France begins debate on EU austerity treaty

The French parliament Tuesday opened a difficult debate on an EU fiscal pact that is key to efforts to overcome the eurozone debt crisis but which critics slam as austerity forced by Brussels.

France begins debate on EU austerity treaty
Photo: Elliott Brown

The National Assembly debate comes after tens of thousands of left-wing protesters marched through Paris on Sunday denouncing EU-imposed belt-tightening, although they insisted they were not criticising the government of Socialist President Francois Hollande.

Prime Minister Jean-Marc Ayrault set the tone, saying France would not be sacrificing its "sovereignty" by ratifying the text.

"The treaty itself imposes no constraints on public spending," he said. "It does not specify how it should be distributed. It does not dictate the methods one has to take to balance public finances.
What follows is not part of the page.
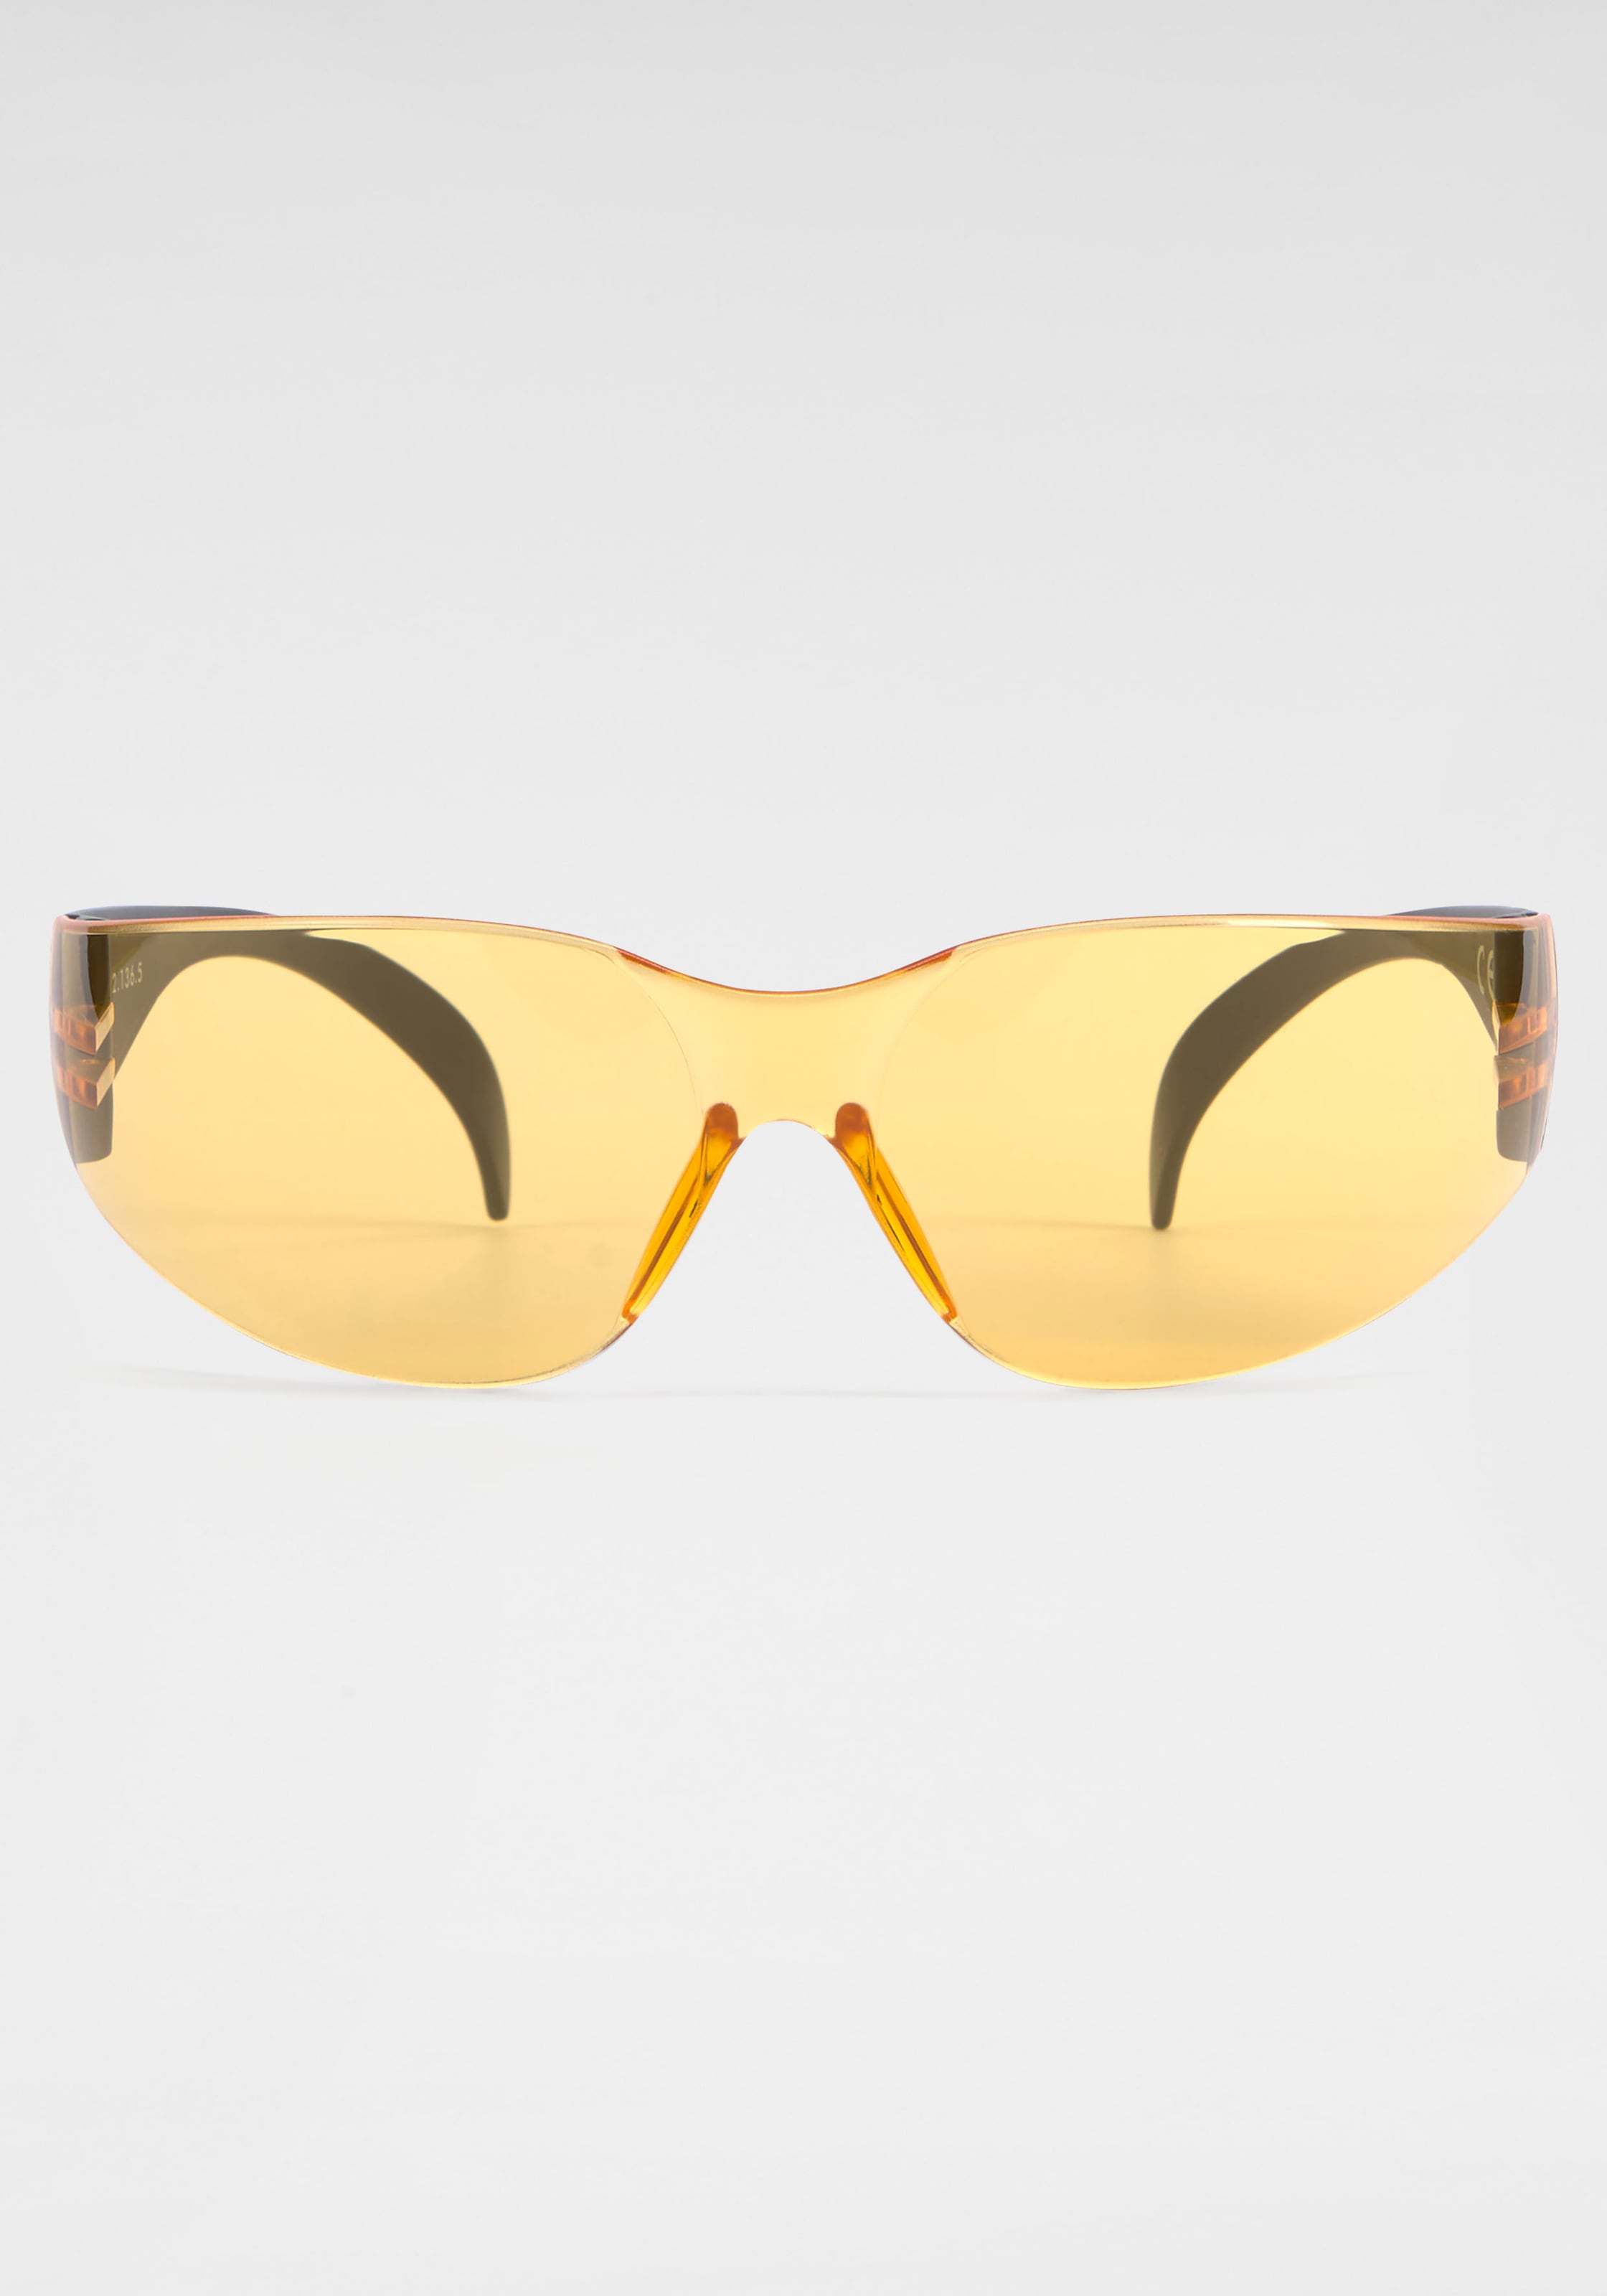 BACK IN BLACK Eyewear Sonnenbrille, Randlos online bestellen

"Fiscal sovereignty will remain with parliament," he said.

Hollande's cabinet has already backed the pact, which includes a so-called golden rule requiring countries with high debt to keep their structural deficits below 0.5% of gross domestic product.

Ayrault said France's Constitutional Council had "already ruled on this matter and no 'golden rule' will be enshrined in our basic law," he said.

Hollande has acknowledged that the going will be tough, saying that "it is true that the situation is difficult".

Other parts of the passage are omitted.